Part I: Is it the Right Time to Invest in a Cannabis Business?
Will Rescheduling Make Marijuana Businesses More Attractive to Investors?
In short, potentially. It is no secret that cannabis businesses are currently subject to extraordinary effective tax rates, which can be devastating to their bottom lines. Internal Revenue Code section 280E prohibits deductions and credits for the vast majority of business expenses incurred in carrying on the trade or business of trafficking Schedule I and II controlled substances, including, currently, marijuana. Rescheduling would eliminate this tax burden for cannabis businesses.
Businesses subject to 280E can reduce gross receipts by the cost of goods sold (COGS) but cannot deduct other business expenses. Traditional non-COG business expenses, which are deductible by non-marijuana businesses – such as employee wages, advertising expenses, and more – are not deductible by marijuana businesses, drastically increasing a marijuana business’s taxable income and resulting tax liability. In fact, the effective tax rate on cannabis companies can be as high as 80%, as compared with the much lower federal corporate tax rate of 21% in 2023.

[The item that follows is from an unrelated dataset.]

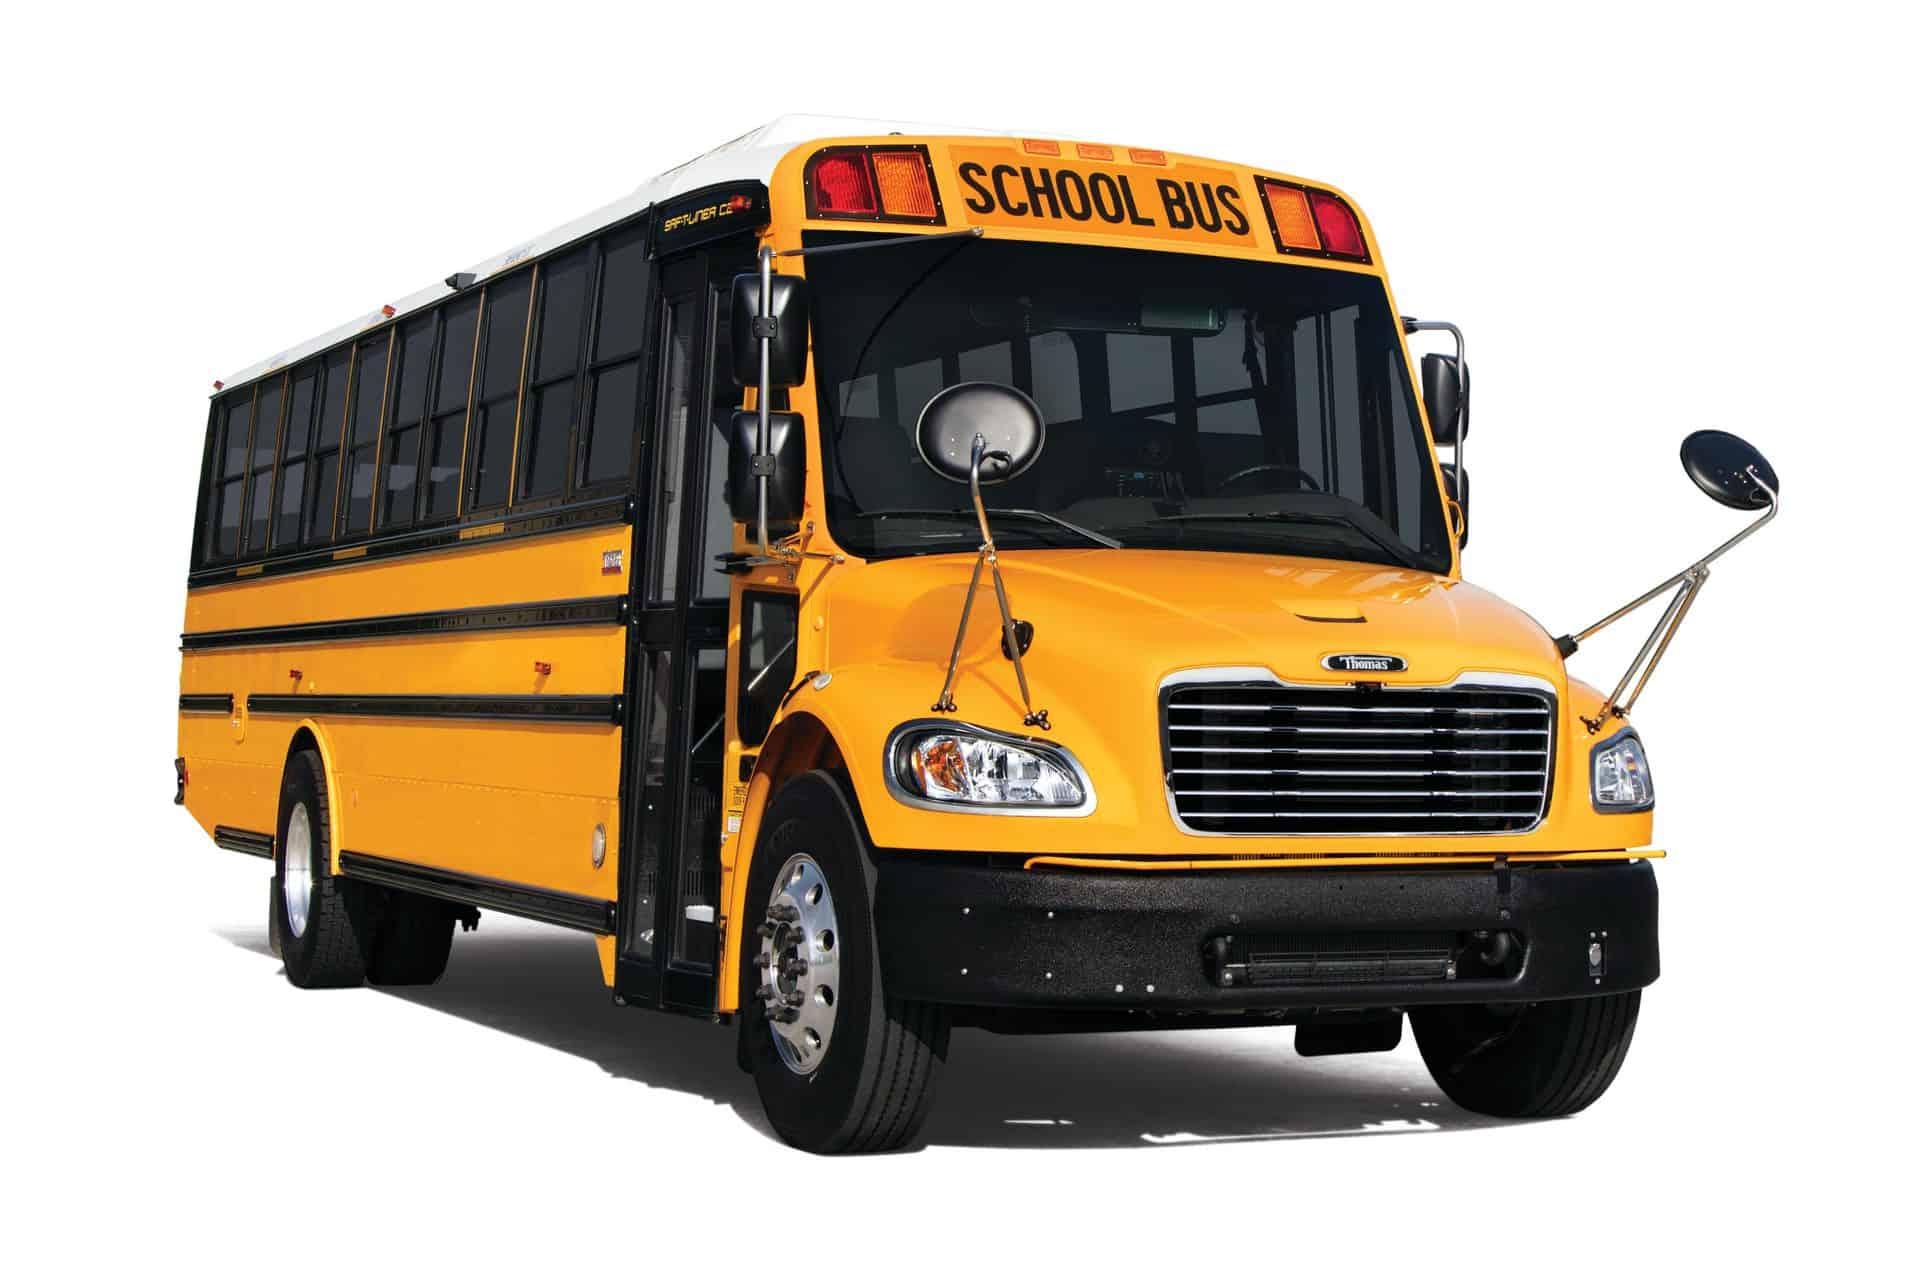 Thomas Built Buses >> Thomas Built Buses Receives World Class Net Promoter Score Again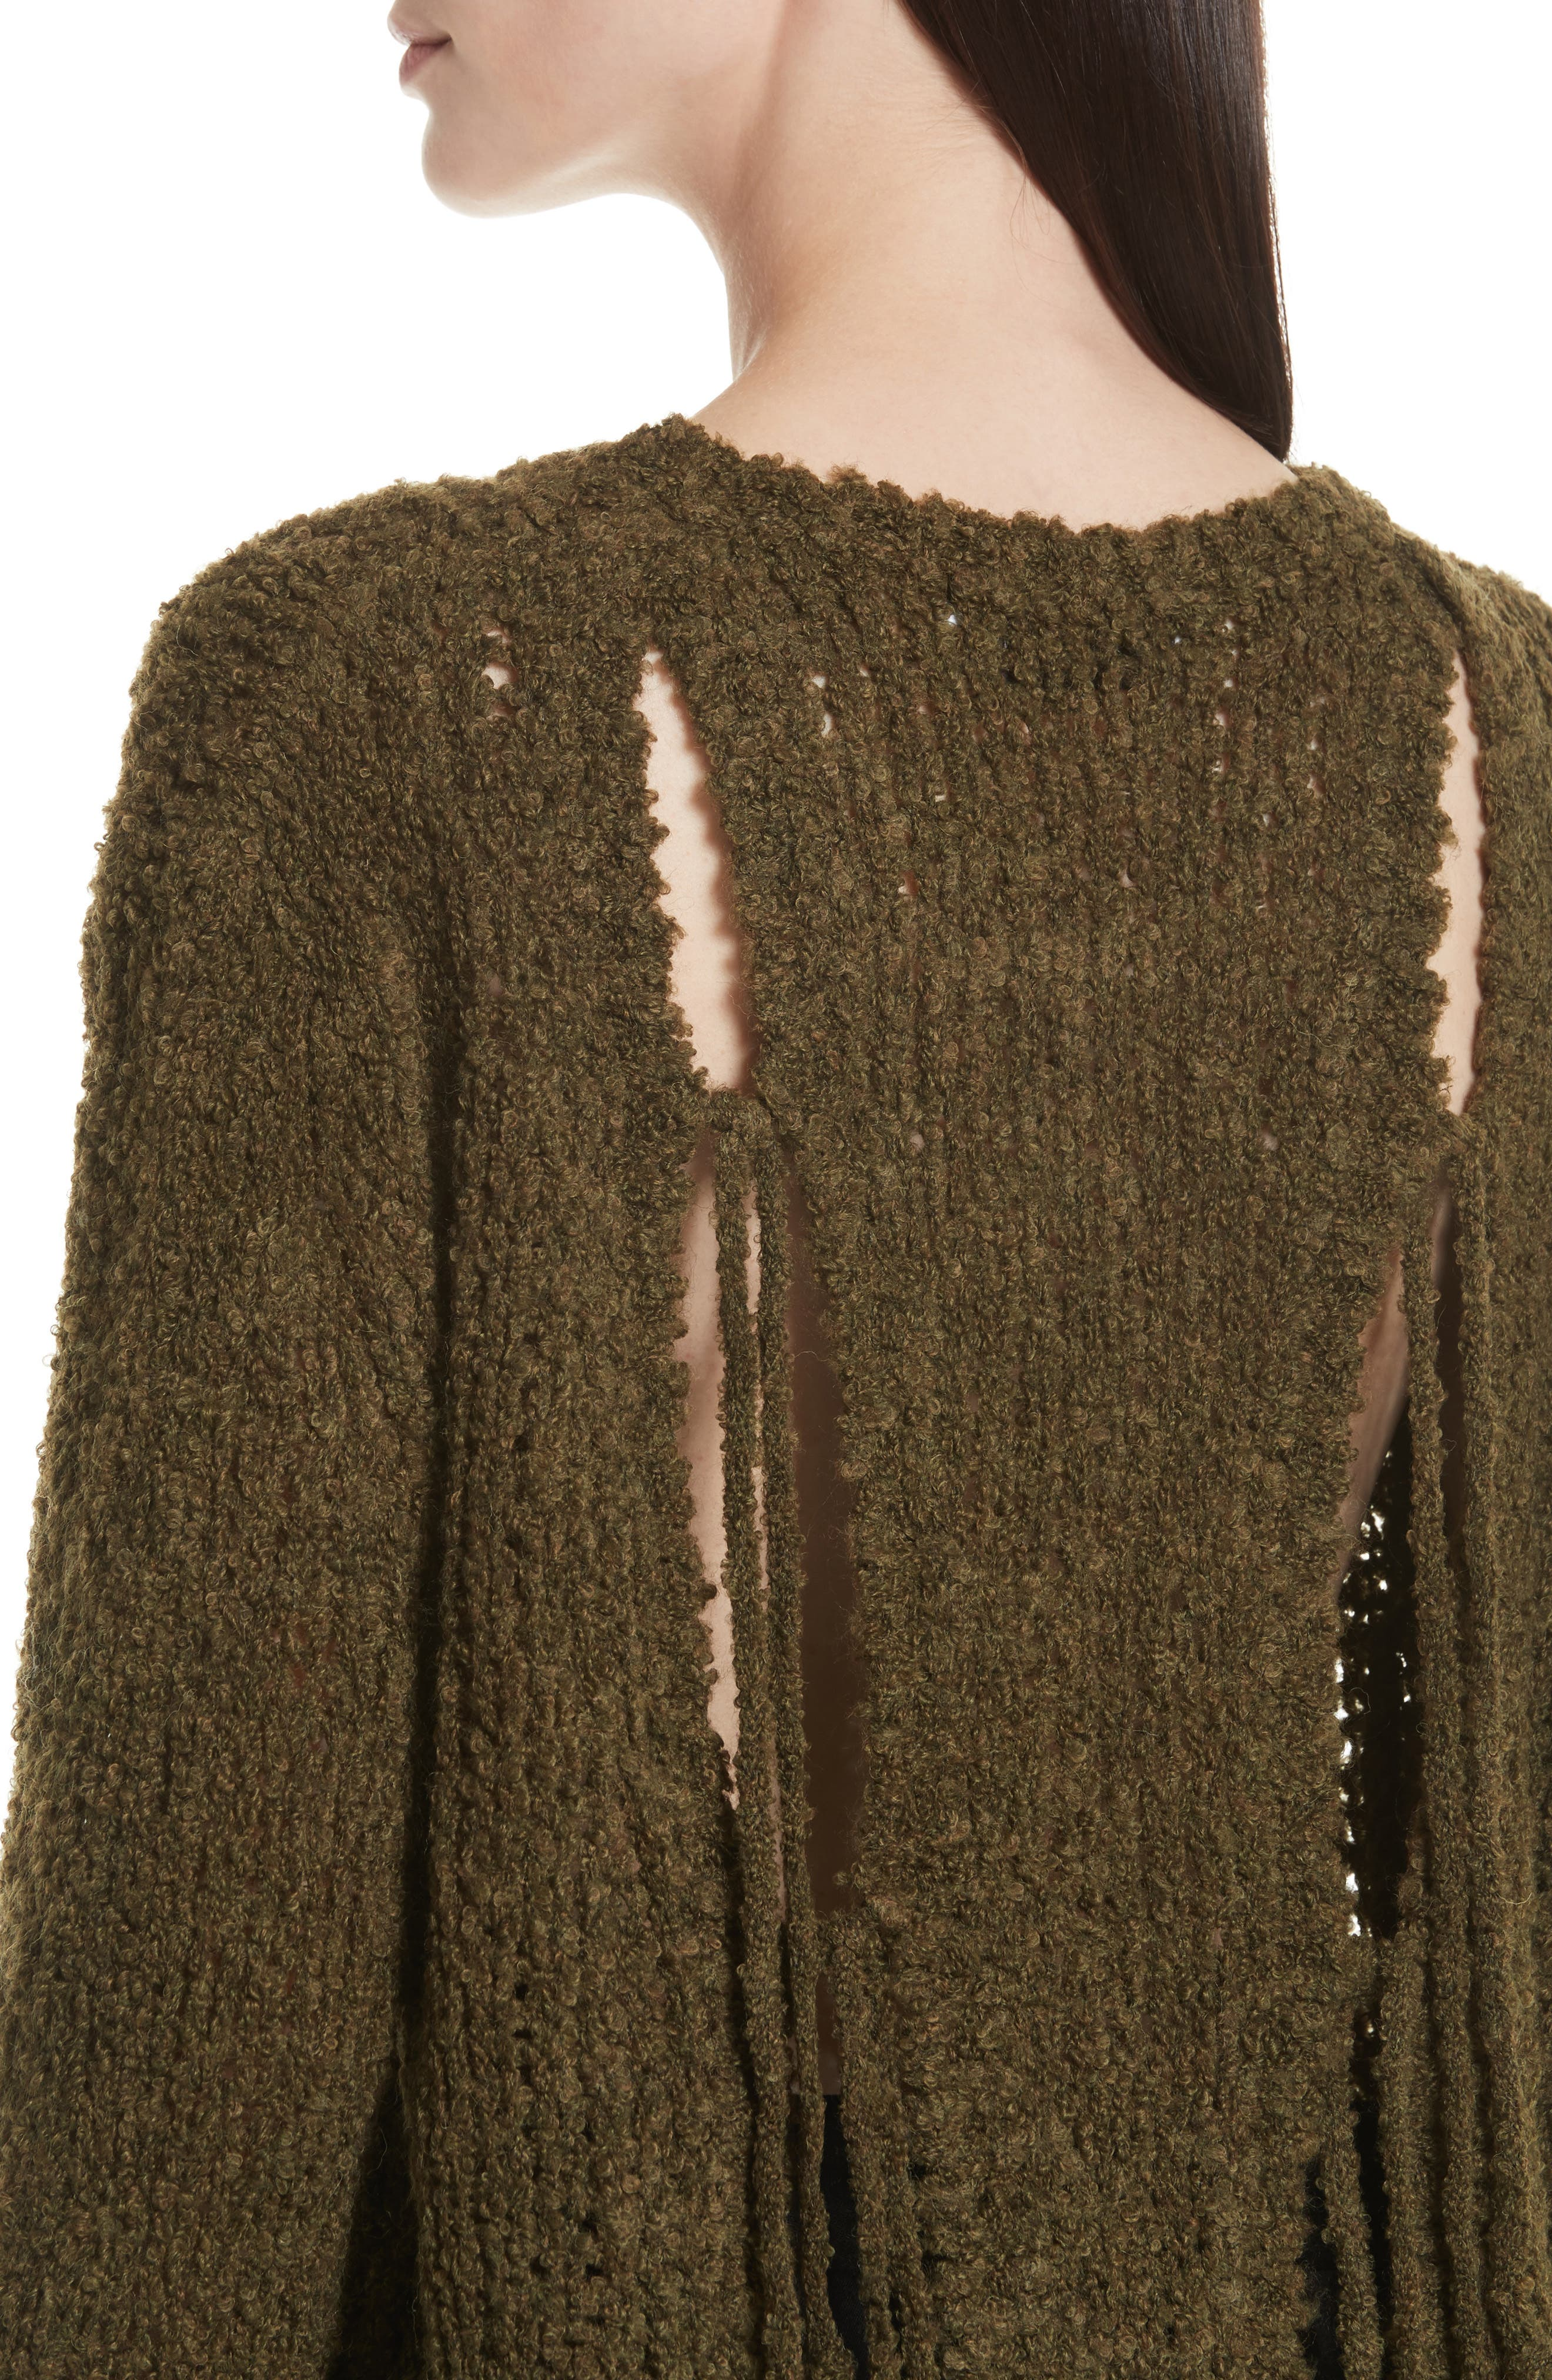 Cresent Cutout Sweater,                             Alternate thumbnail 4, color,                             300

Thus, rescheduling marijuana could save marijuana-related businesses millions in dollars of taxes and help spark an influx of capital from prospective investors into the cannabis industry.
Leveling the Playing Field for Marijuana Businesses
Relieving marijuana businesses from the burdens imposed by 280E will help level the playing field for marijuana businesses seeking to attract investors and acquirers. Relief from its direct tax burdens will reduce the cost of doing business and allow the marijuana businesses to reallocate millions more in capital to their own use. Marijuana businesses will also no longer be incentivized to engage in “org splitting” – a common practice by which a single marijuana licensee will split different assets, liabilities, and operations among multiple business entities in an attempt to mitigate the impacts of 280E. These changes may also help make marijuana businesses more attractive to investors.
Navigating State Laws and Cannabis Regulations
Rescheduling does not, however, affect either an investor’s or a cannabis business’s need to comply with the wide variety of state laws and regulations affecting marijuana-related investments. Following rescheduling, important prerequisites and thresholds still exist in state laws and regulations that dictate who can invest in a cannabis business, how much money can be given to or received from a licensed business, how much control or decision-making power an investor is allowed to exercise over the licensed business, and more. Further, the marijuana-related business’s own history of regulatory compliance is, and will always remain, a critical consideration for investors and acquirers of marijuana-related businesses. Failure to comply with these rules can result in enforcement actions, and penalties for violating these rules can include the loss of the marijuana business license and, thus, the entity’s ability to operate or generate any income at all.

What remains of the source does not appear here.